Sunday, May 1, 2022 — GSO to CLT to BNA
Long before the ass-crack of dawn, we were up and at ’em for a 7:15 a.m. flight out of Greensboro. We connected in Charlotte after the briefest of layovers — one of those run-through-the-airport-at-top-speed-or-miss-your-fucking-flight kind of layovers. I feel almost bad for plowing into at least one person as we made haste from one end of the airport to the other; I might even feel some honest-to-goodness bad if the person in question hadn't been one of a row of slow-creeping numpties taking up the entire width of the corridor. We made it onto the aircraft with moments to spare — we were literally the last passengers to board the plane. We were worried our luggage wouldn’t make it on board, but once we arrived in Nashville... happily... our bags showed up on the baggage claim carousel. Literally, the last bags unloaded from the plane.

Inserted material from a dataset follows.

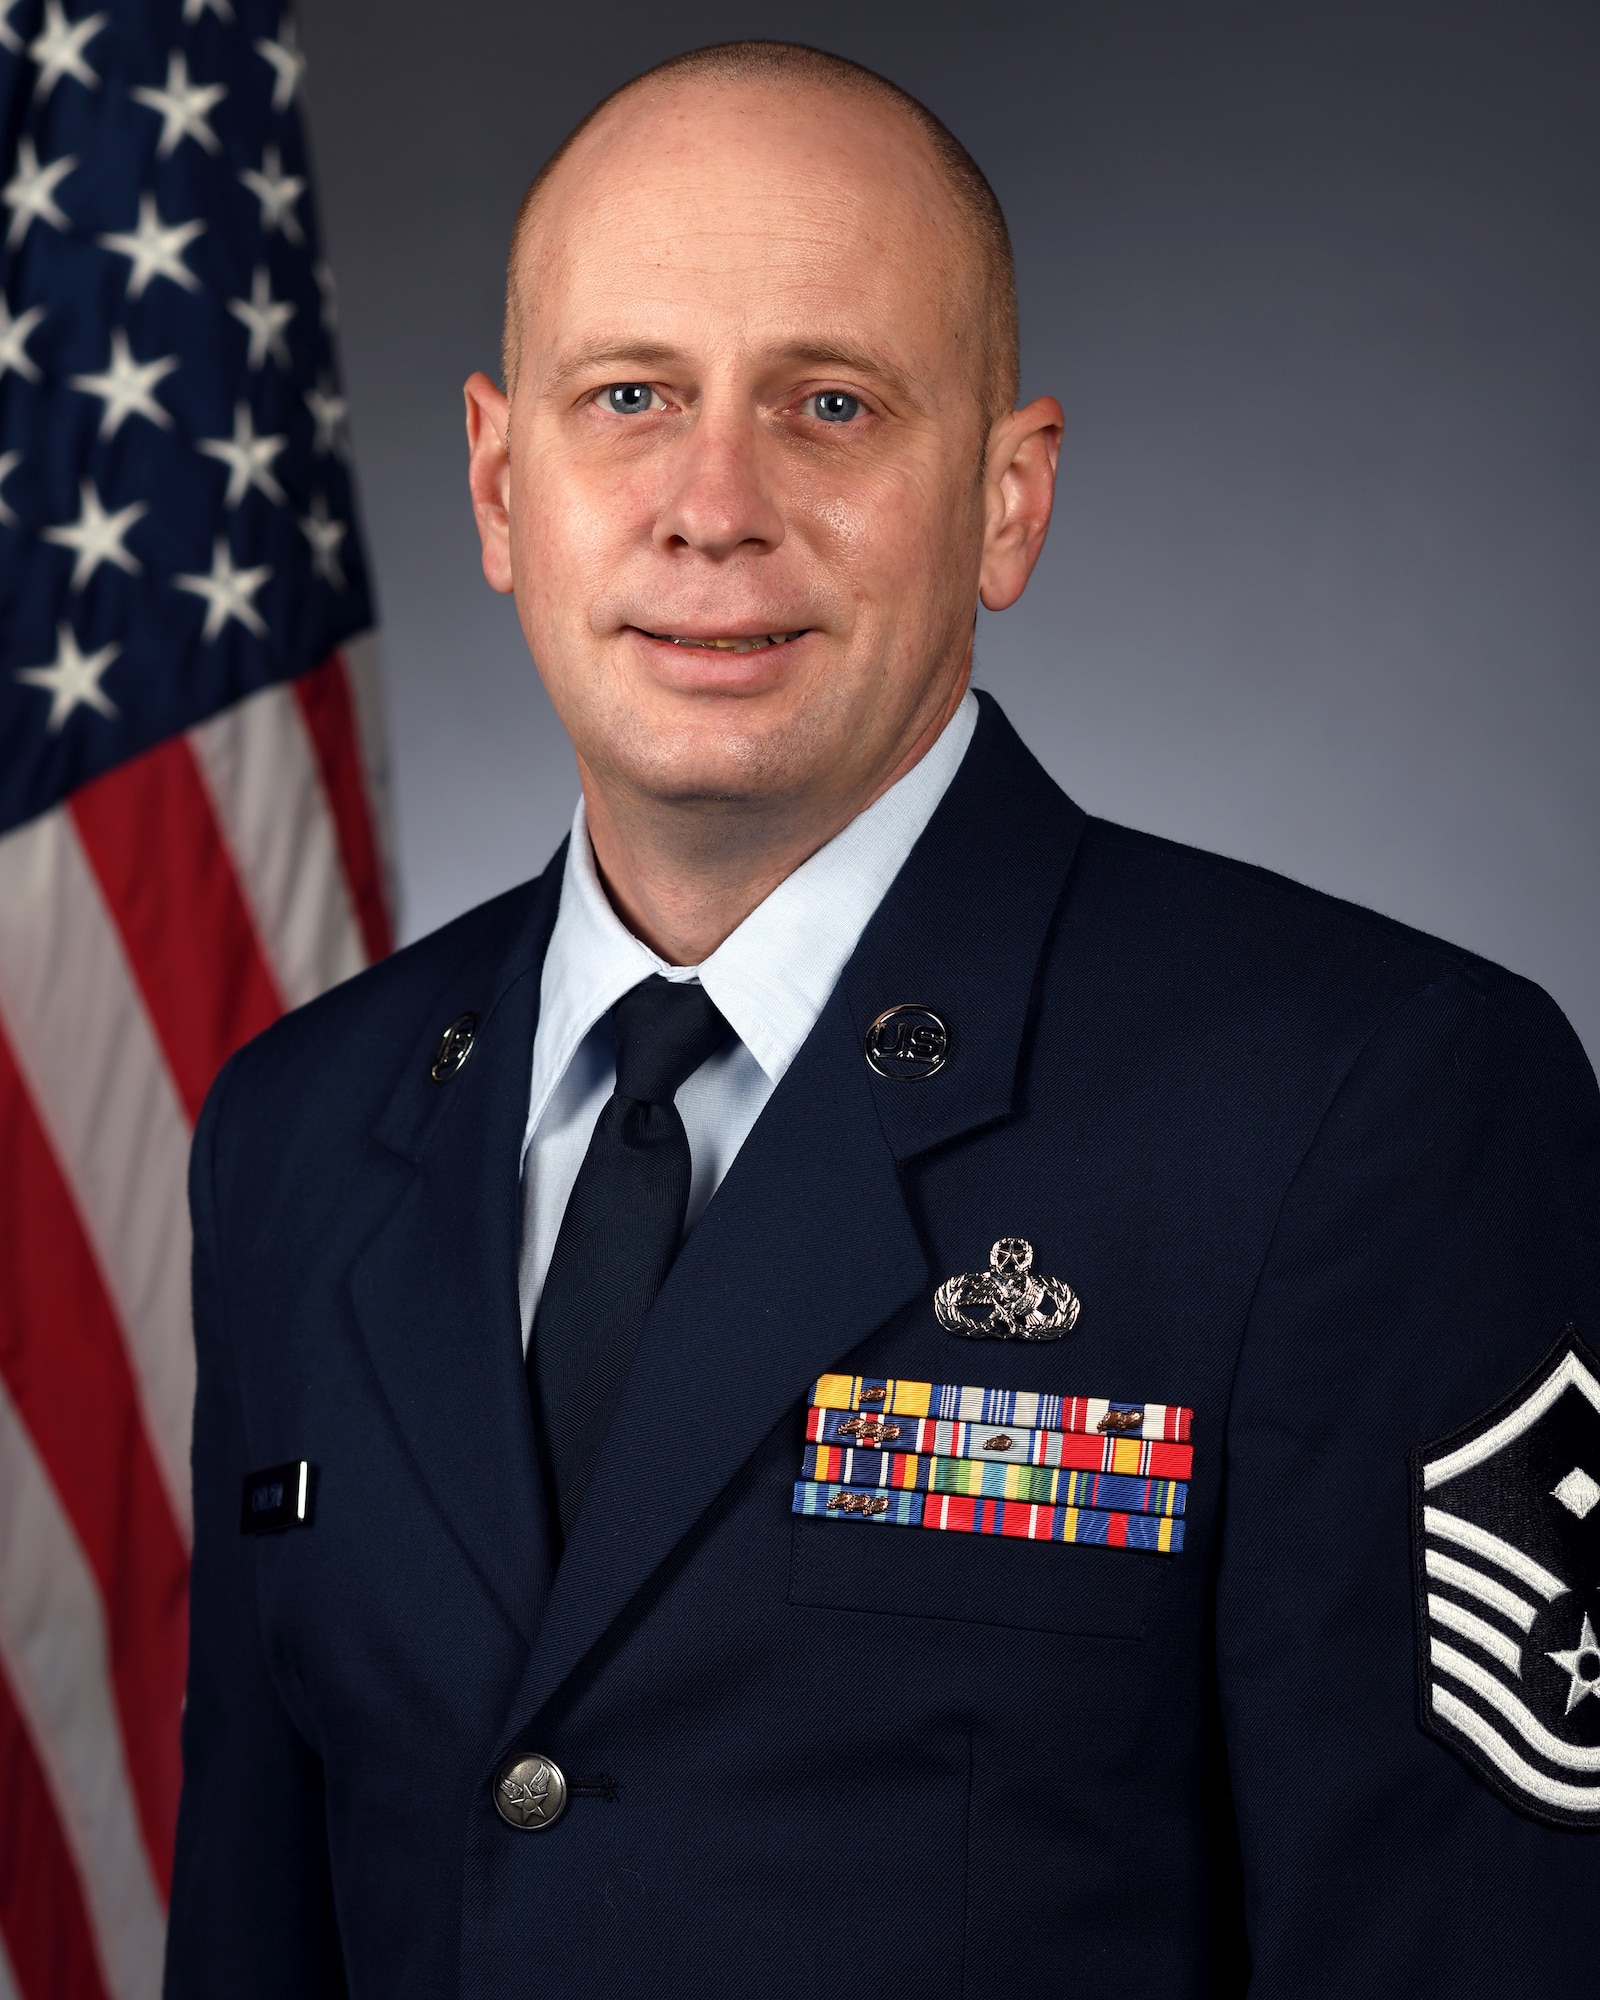 Official Air Force photo for Master Sgt. Jeff Carlson. Carlson is the 131st Bomb Wing's 2022 Outstanding First Sergeant of the Year. (U.S. Air Force photo by Airman 1st Class Victoria Hommel)

From BNA, we took a cab to the city center and checked our bags into a luggage drop, since we couldn’t check into our lodgings until 4:00 p.m. We'd had no food — or coffee! — on either of our flights, so we immediately sought breakfast, which we found at a lovely place called Frothy Monkey. Our vittles proved delicious: eggs over medium, taters, bacon, toast, a Bloody Mary, and most of a pot of delicious coffee (as black as midnight on a moonless night). Happily, in downtown Nashville, there are geocaches aplenty, and so, after breaking the fast, we wandered and geocached. As afternoon approached, we walked up to the big farmer’s market near the Capitol grounds, just north of city center, where some of us cached and some of us shopped. One guess as to who did what. 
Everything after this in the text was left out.